You are viewing a plain text version of this content. The canonical link for it is here.
Posted to java-user@lucene.apache.org by Dawid Weiss <da...@cs.put.poznan.pl> on 2004/10/07 10:39:26 UTC

Re: Clustering lucene's results

Hi William,

Ok, here is some demo code I've put together that shows how you can 
achieve clustering of Lucene's results. I hope this will get you started 
on your projects. If you have questions, please don't hesitate to ask -- 
cross posts to carrot2-developers would be a good idea too.

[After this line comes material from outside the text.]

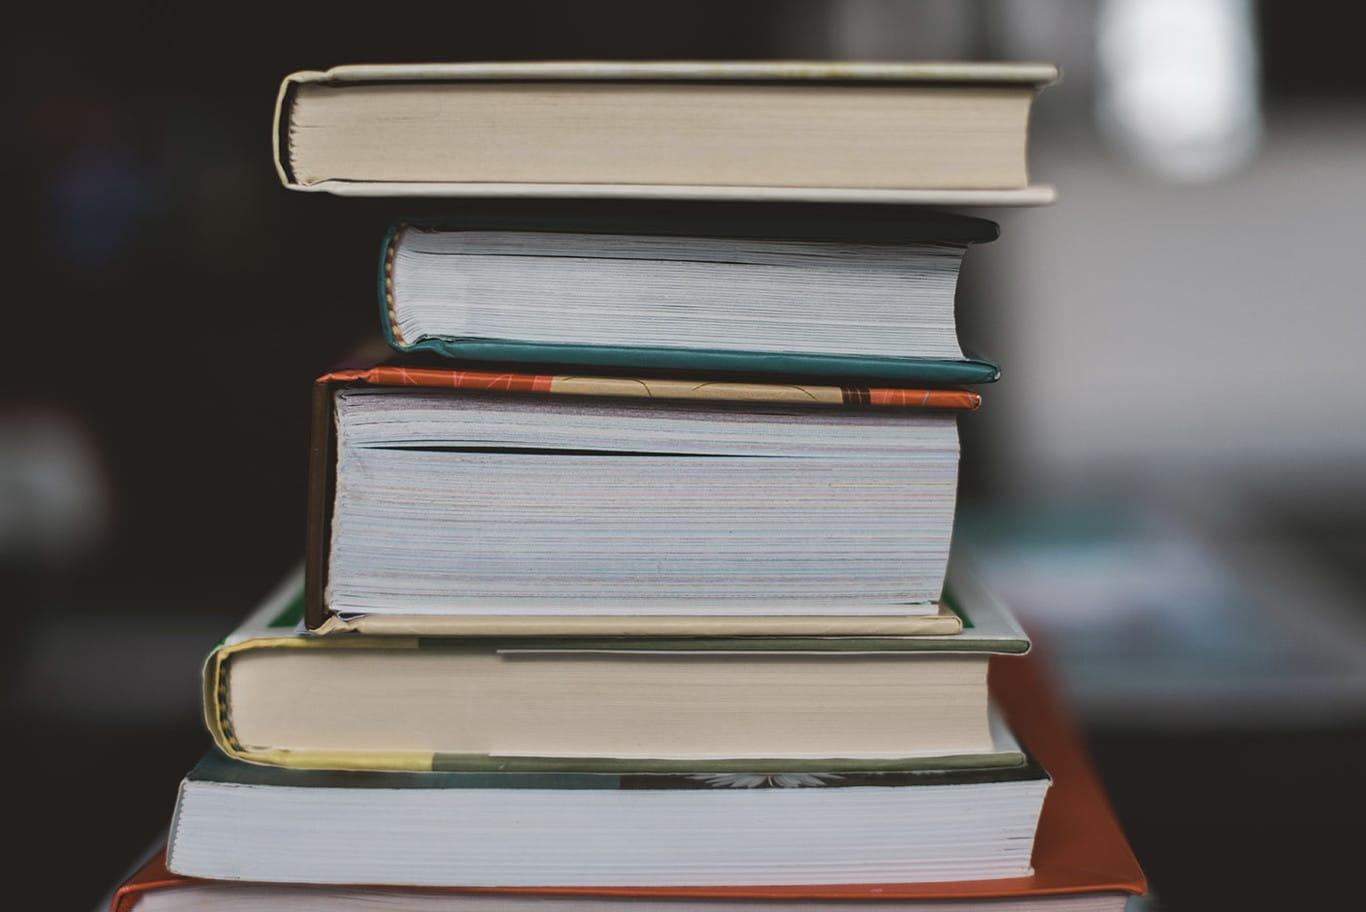 Springer ha habilitado la descarga gratuita de casi 500 libros que suelen costar hasta 100 euros, incluyendo 50 sobre programación

The code (plus the binaries so that you don't have to check out all of 
Carrot2 ;) are at:
http://www.cs.put.poznan.pl/dweiss/tmp/carrot2-lucene.zip

Take a look at Demo.java -- it is the main link between Lucene and 
Carrot. Play with the parameters, I used 100 as the number of search 
results to be clustered. Adjust it to your needs.

		int start = 0;
		int requiredHits = 100;

I hope the code will be self-explanatory.

Good luck,
Dawid

 From the readme file:

An example of using Carrot2 components to clustering search
results from Lucene.
===========================================================


Prerequisities
--------------

You must have an index created with Lucene and containing
documents with the following fields: url, title, summary.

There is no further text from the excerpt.